His acceptance of that discovery provides the hero with the possibility of a modest participation in other people's lives. In his more recent fiction, Stern has apparently wanted to make that possibility more emphatic, by bringing historical and aesthetic confirmations to it. Stitch is in large part a roman à clef about one of the great modern traitors, Ezra Pound. The would-be disciple in the novel receives from the aged master, Stitch, lessons in the fusion of personality with civilization, and the consequence of expression in art. The background of the novel is Venice, which, from the muck of its history, raises its beauties. In the short novel Veni, Vidi … Wendt (included in 1968), the protagonist is a composer who is writing an opera about modern love. The opera will extend backwards to include great love affairs of the past, which are founded on adulteries. The composer himself, meanwhile, realizes both his composition and his domestic love for wife and children only after experiments in romantic duplicity. The chief adventurer in Other Men's Daughters is a middle-aged professor of biology at Harvard. His life heretofore has been completely defined by such seeming ineluctabilities as filial ties, domestic habits, and the concretion of compromises, and the stern decencies of his New England ancestry. He betrays everything when he falls in love with a girl not much older than the eldest of his own children, and hopefully discovers, in nature, the justification for this treachery to nurture. In Natural Shocks Stern writes about a talented and successful journalist, which in this case is to say a man who with all decent goodwill has made a career of transforming private lives into public knowledge.
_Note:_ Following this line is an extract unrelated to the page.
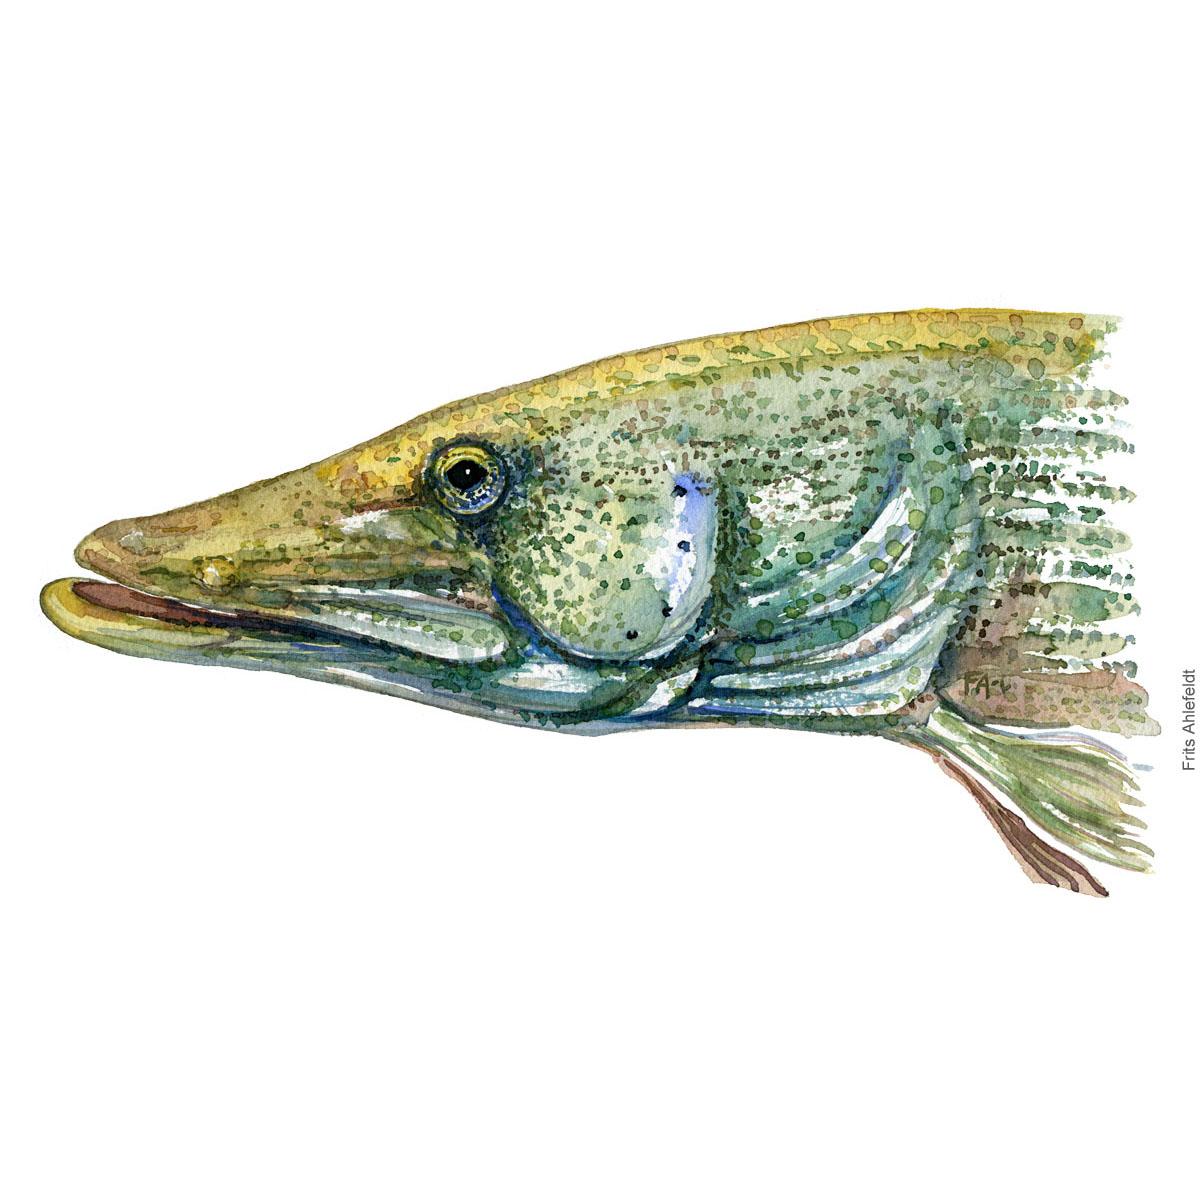 Gedde - Pike fish watercolor illustration. Painting by Frits Ahlefeldt. Fiske akvarel

The protagonist is now forced to confront the fact of death, alternately as a subject for journalism and as a domestic event, and he is thereby invited to learn the necessary treachery that is involved in his calling and also its ethical insufficiency. A true participation in life will require more strenuous sympathies, which he may or may not achieve.

The endings of Stern's fictions record an acquiescence at the most, and always something less than the assertion of a principle. The kind of realization that is in the novels makes it necessary that they be probationary and open-ended. They are by that, as well as by their detailed, persistent, and moderate account of human motives, in the great tradition of moral realism.